The 161 Squadron of the Israeli Air Force, also known as the Black Snake Squadron, operates Elbit Hermes 450 UAVs. It is based at Palmachim airbase.

It was previously an MD 500 Defender and then an AH-1E/F Cobra helicopter squadron under the name Southern Cobra Squadron.

== Operations during the Israel-Hamas war ==
On Saturday, October 7, 2023, the day of the Hamas surprise attack, the squadron was on alert. At 06:30 the attack began, according to an investigation by Yediot Ahronoth, shortly after that at 06:37 the second squadron launched as armed "Zik" type UAVs, in response to "red color" calls.

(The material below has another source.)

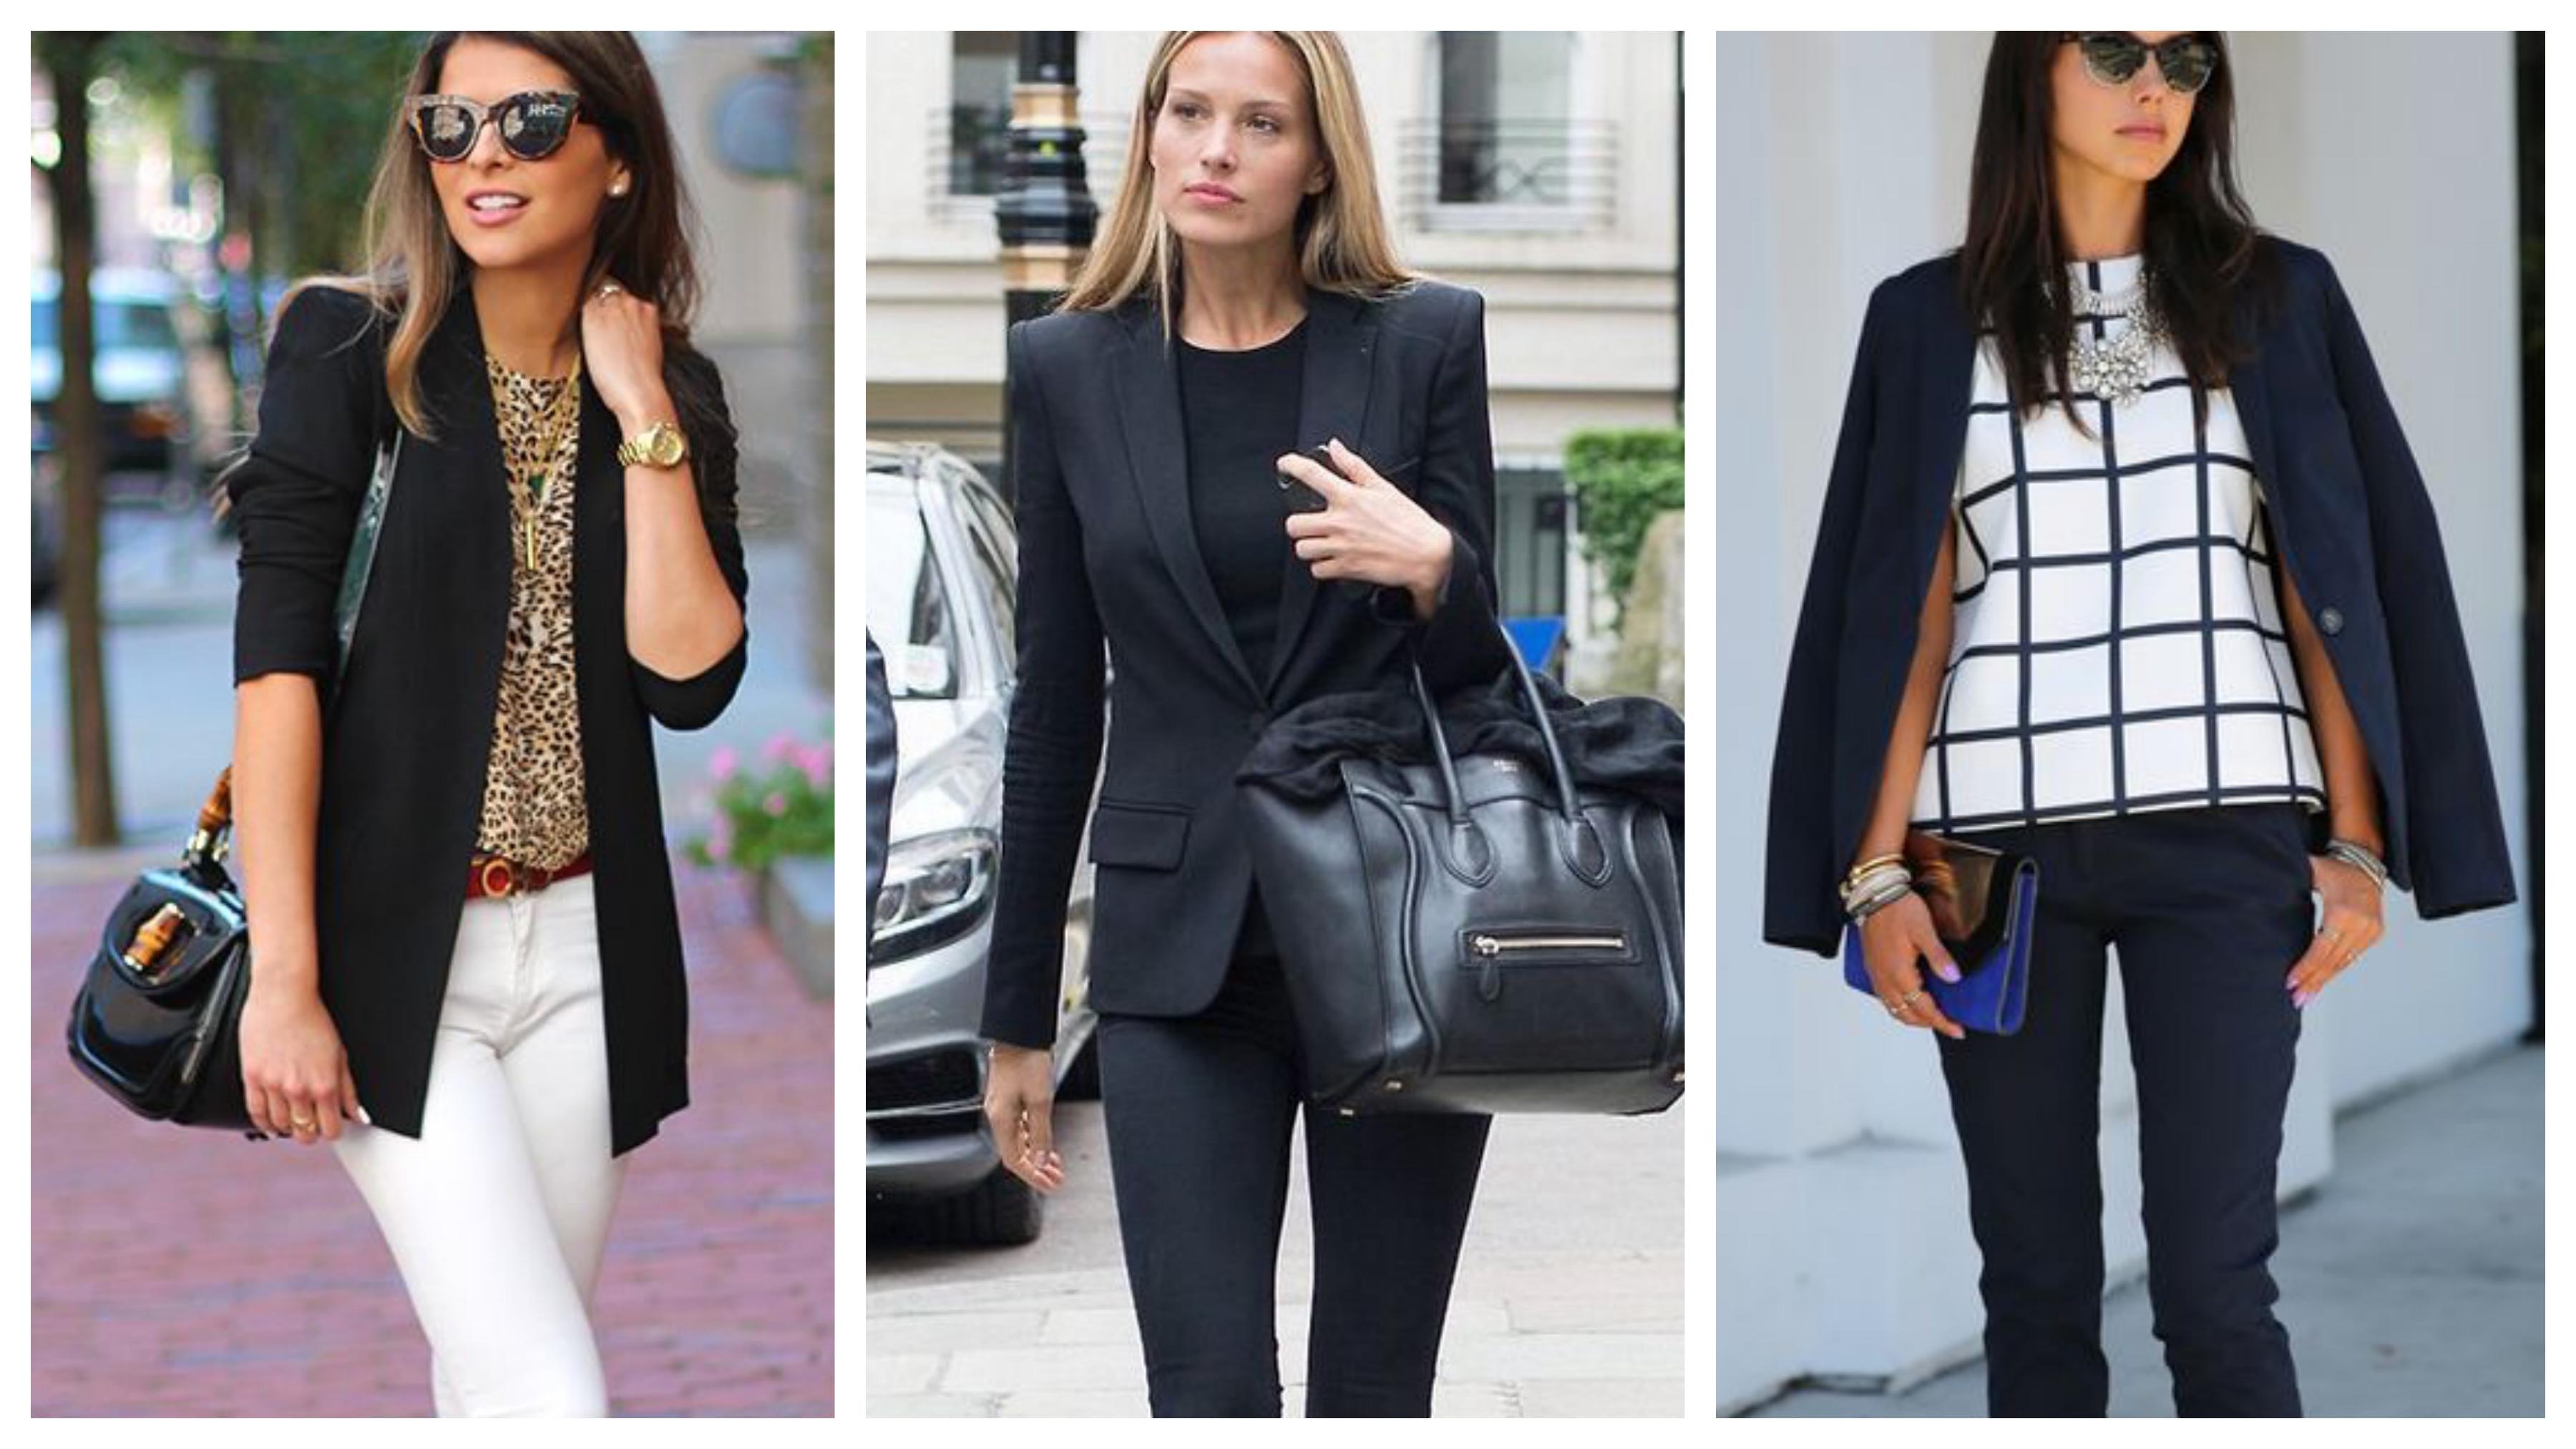 Черный женский пиджак с блузой

Due to the massive damage to the ability Target intelligence, command and control of the IDF by destroying the division headquarters and the brigade headquarters at the Raim base, and other bases in the area, there were almost no targeting factors that could direct the aircraft. In the first hours of the attack, the operators were forced to improvise and act independently, deciding on their own attack targets, with almost no orders, and without them or the central command of the Israeli Air Force understanding the full picture. The officer level in the field initiated steps on its own, in the squadron they did not wait for an orderly order and ordered three more armed Ziks to take off and enter the battle.

By the end of the first day, the squadron had carried out 110 attacks on about a thousand targets, most of them inside Israel.

The squadron was them deployed to the north and launched strikes inside Lebanon during the Israel Hezbollah conflict.